**INSTRUCTIONS FOR THE TASK**
Within the data that follows, set down exactly the lines from the one containing "SAH, Vestre Toten" through the one containing "Miszkanie Tarchomin ul.", both ends included.

**RECORDS SHOWN**
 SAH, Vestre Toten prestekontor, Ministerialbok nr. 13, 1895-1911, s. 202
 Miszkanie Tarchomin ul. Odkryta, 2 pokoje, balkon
* * *
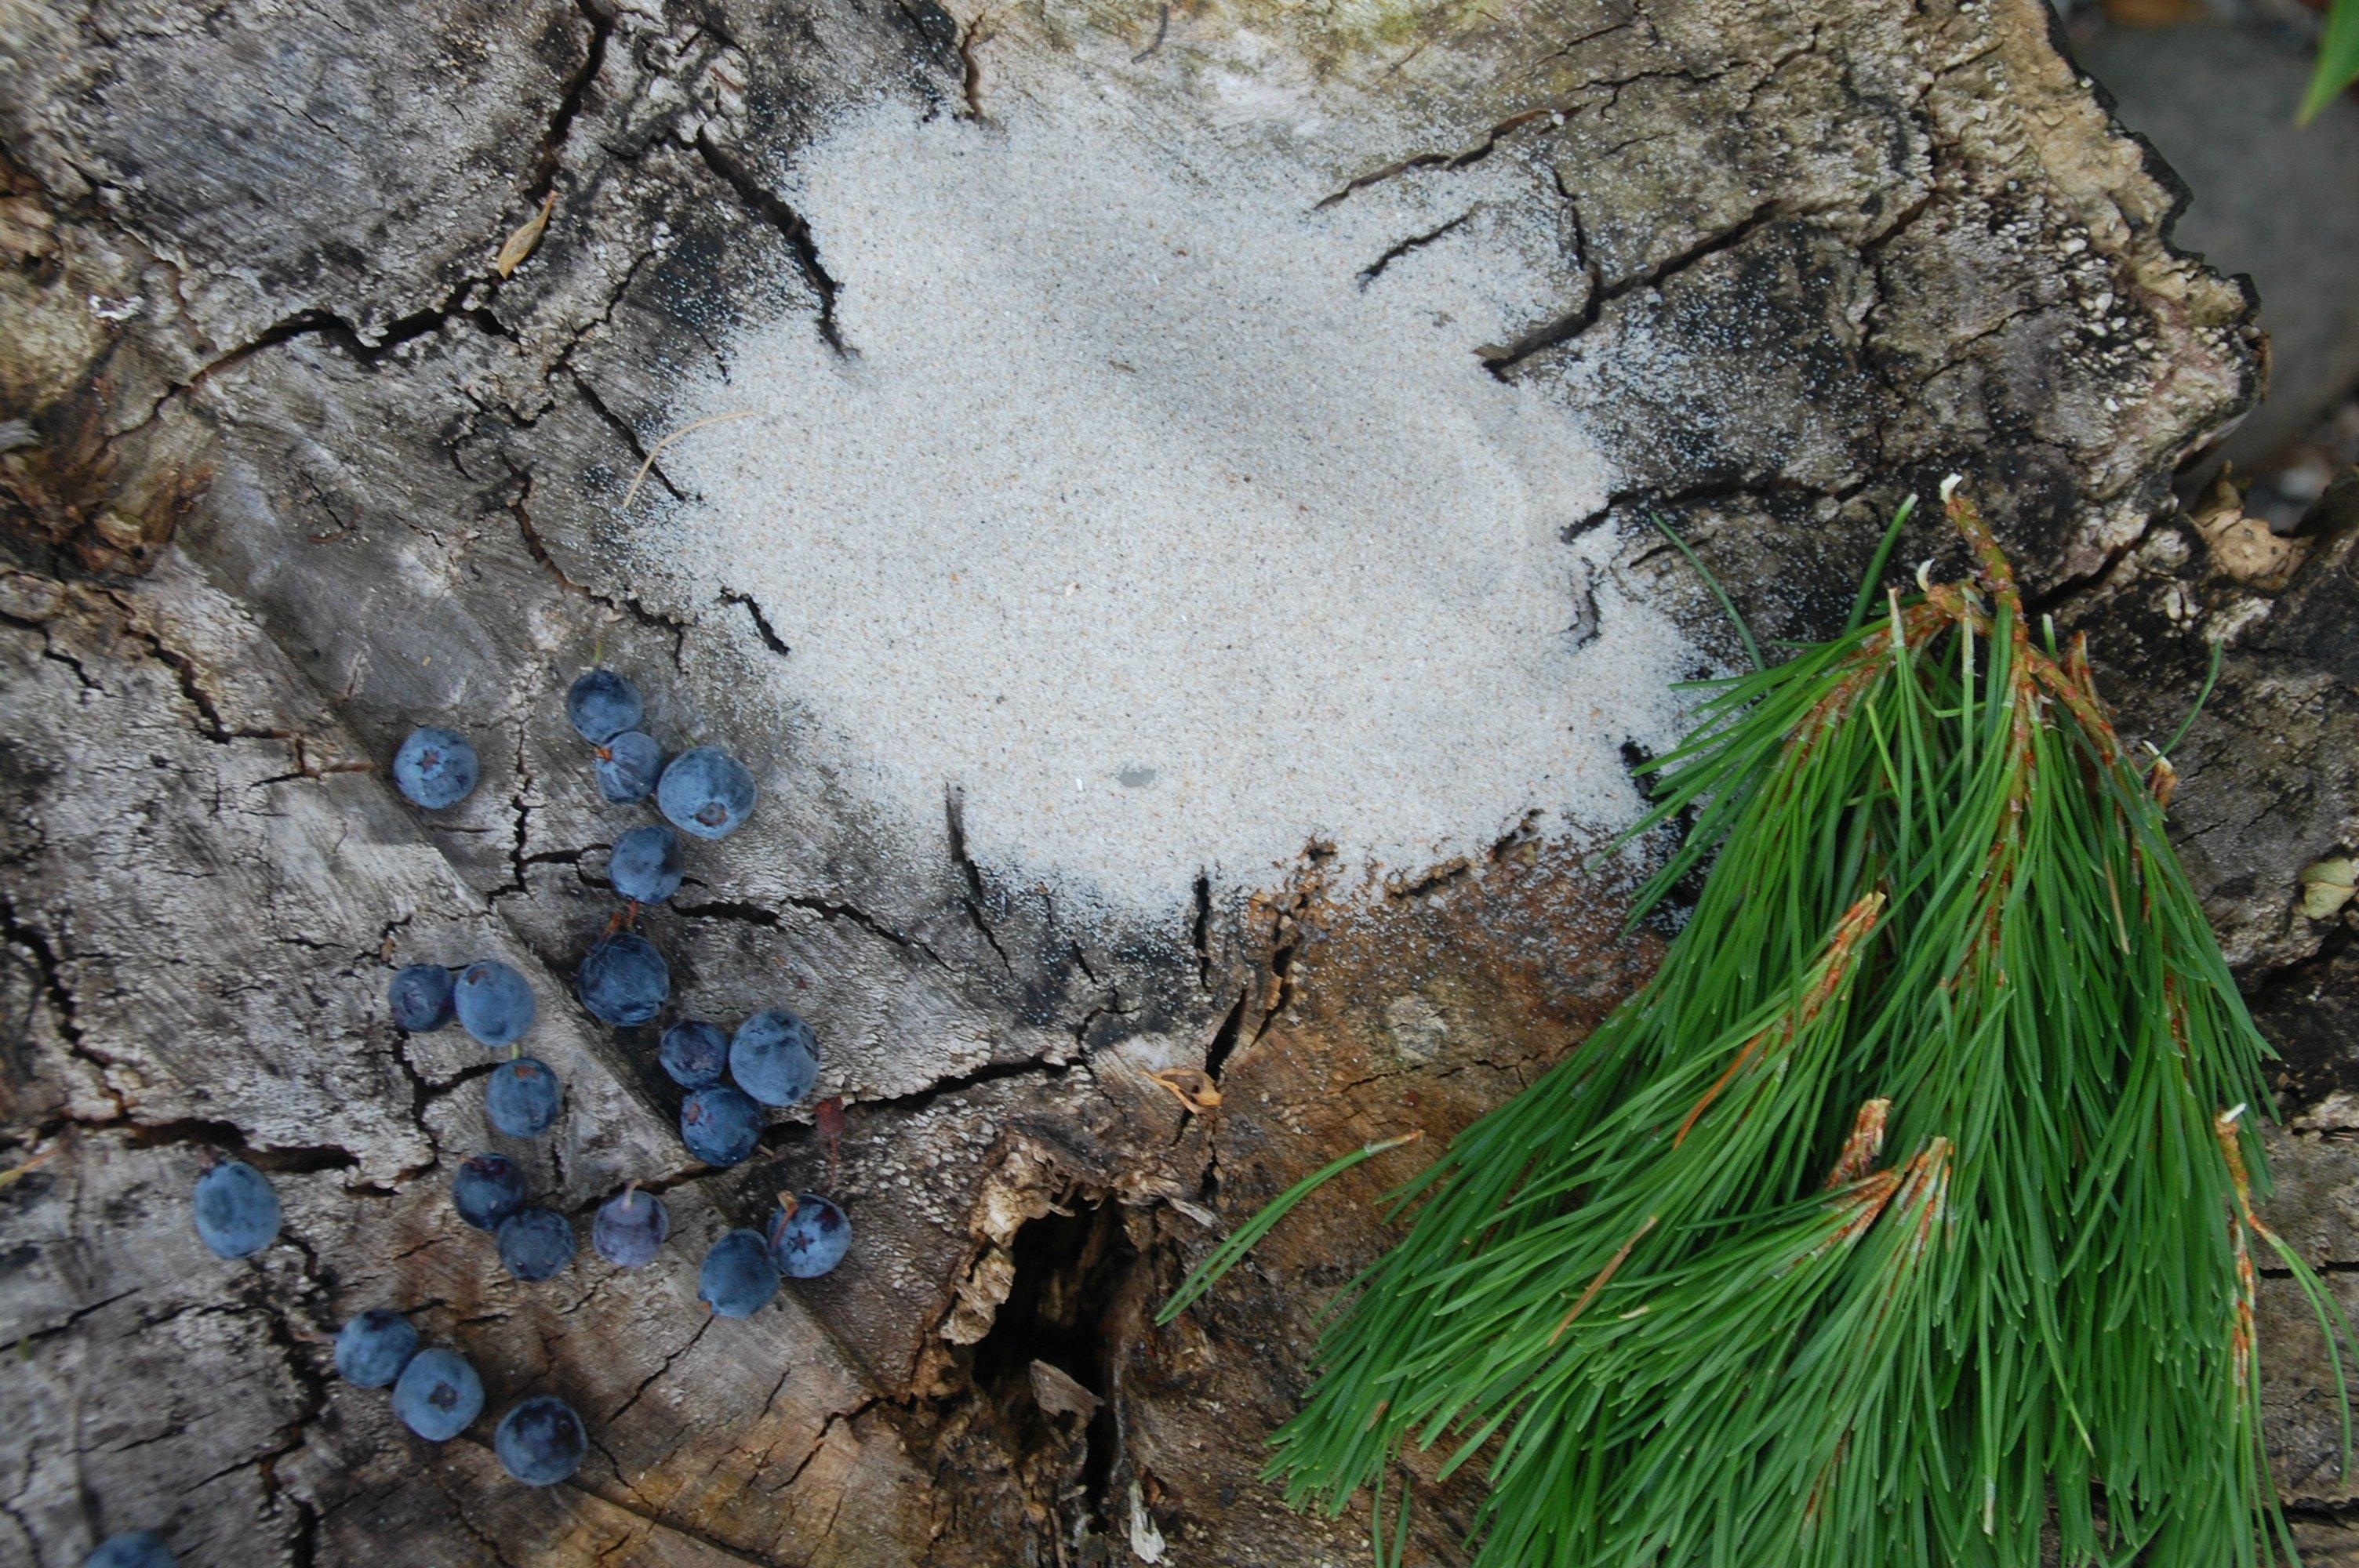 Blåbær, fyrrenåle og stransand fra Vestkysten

**ANSWER AREA**
 SAH, Vestre Toten prestekontor, Ministerialbok nr. 13, 1895-1911, s. 202
 Miszkanie Tarchomin ul. Odkryta, 2 pokoje, balkon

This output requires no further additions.